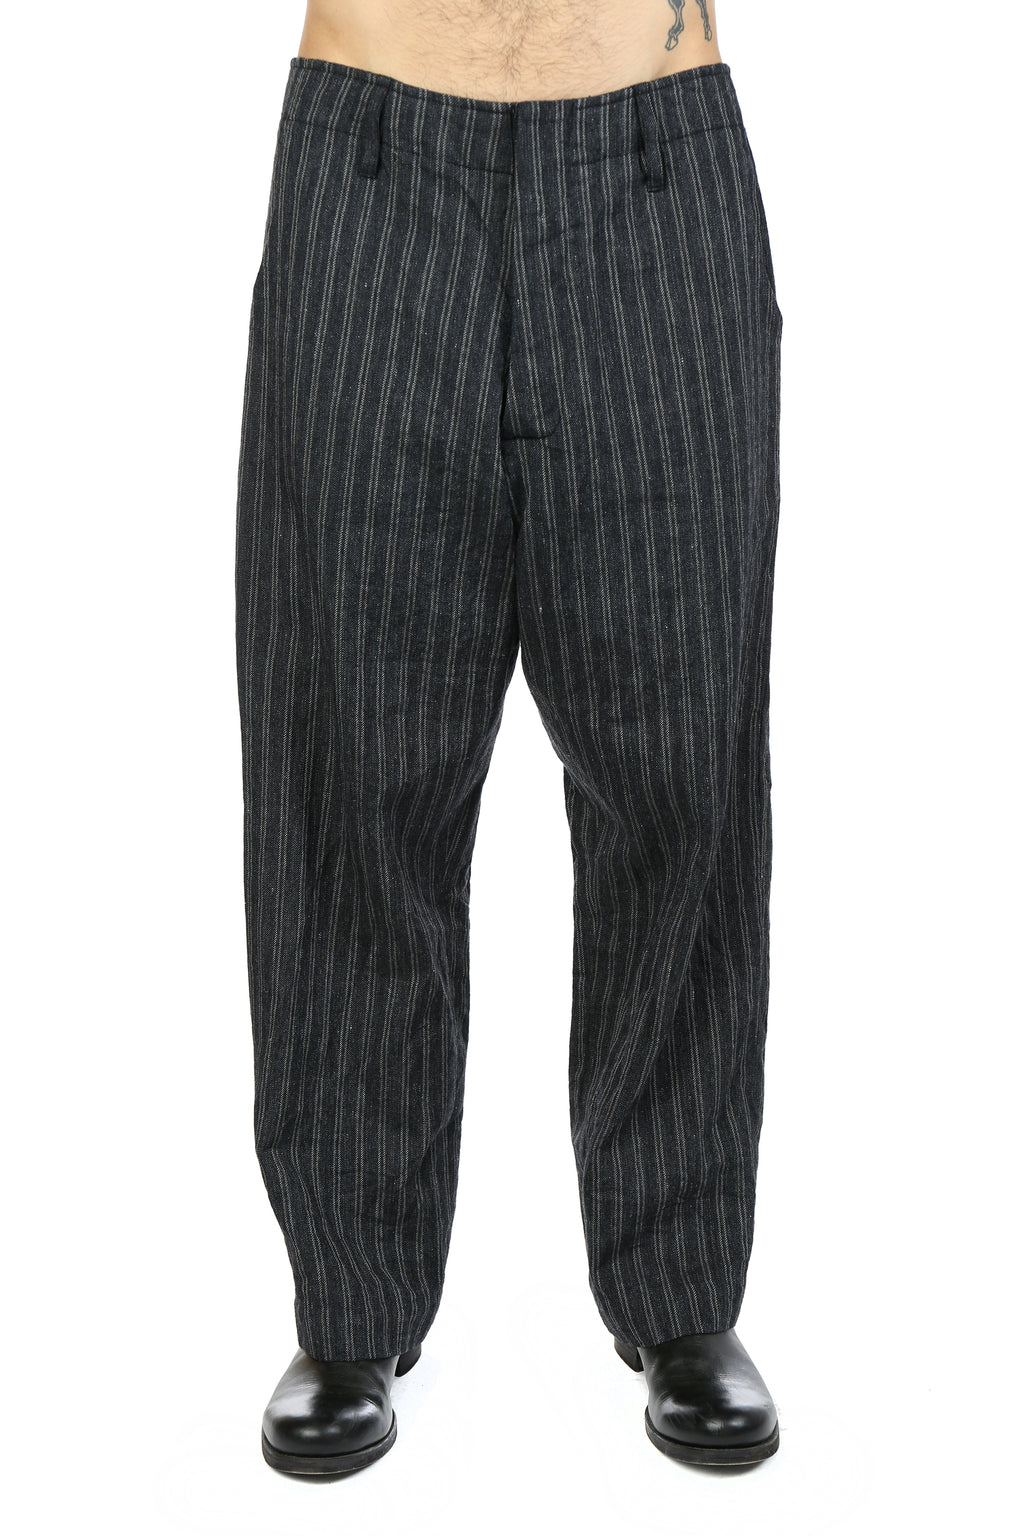 GEOFFREY B SMALL Men Handmade 1940'S Reproduction Work Trousers
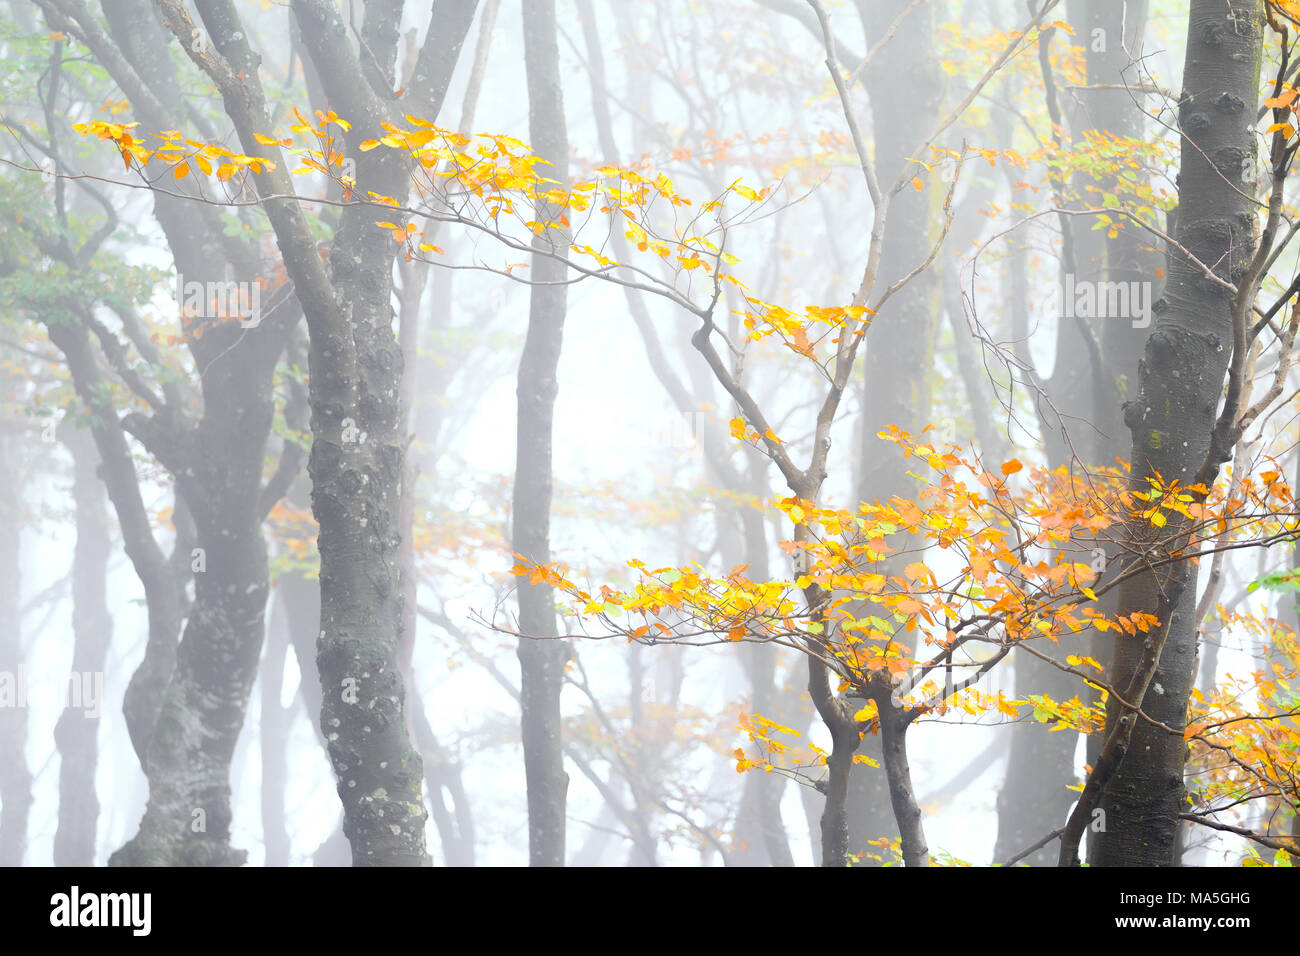 Branch of a tree with leaves in autumn garment during a foggy day. Montemezzo, Como Lake, Lombardy. Italy. Stock Photo
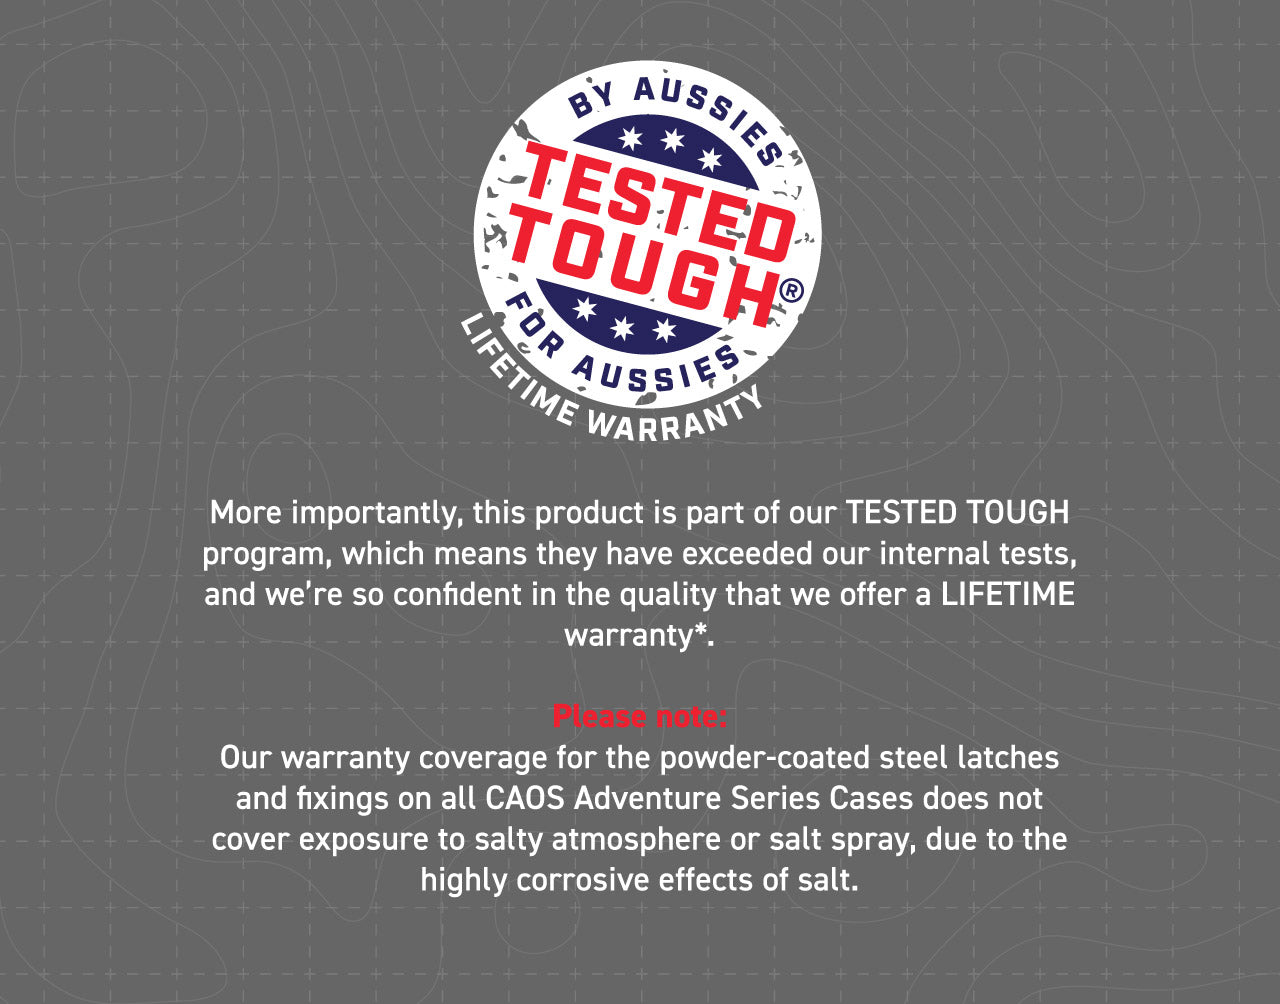 Tested Tough Warranty  More importantly, this product is part of our TESTED TOUGH program, which means they have exceeded our internal tests, and we’re so confident in the quality that we offer a LIFETIME warranty*.

_What you need to do_: Output all the material exactly. The pictures are to be left out.

_Your response_:
 GEOFFREY B SMALL Men Handmade 1940'S Reproduction Work Trousers
 Branch of a tree with leaves in autumn garment during a foggy day. Montemezzo, Como Lake, Lombardy. Italy. Stock Photo
 Tested Tough Warranty  More importantly, this product is part of our TESTED TOUGH program, which means they have exceeded our internal tests, and we’re so confident in the quality that we offer a LIFETIME warranty*.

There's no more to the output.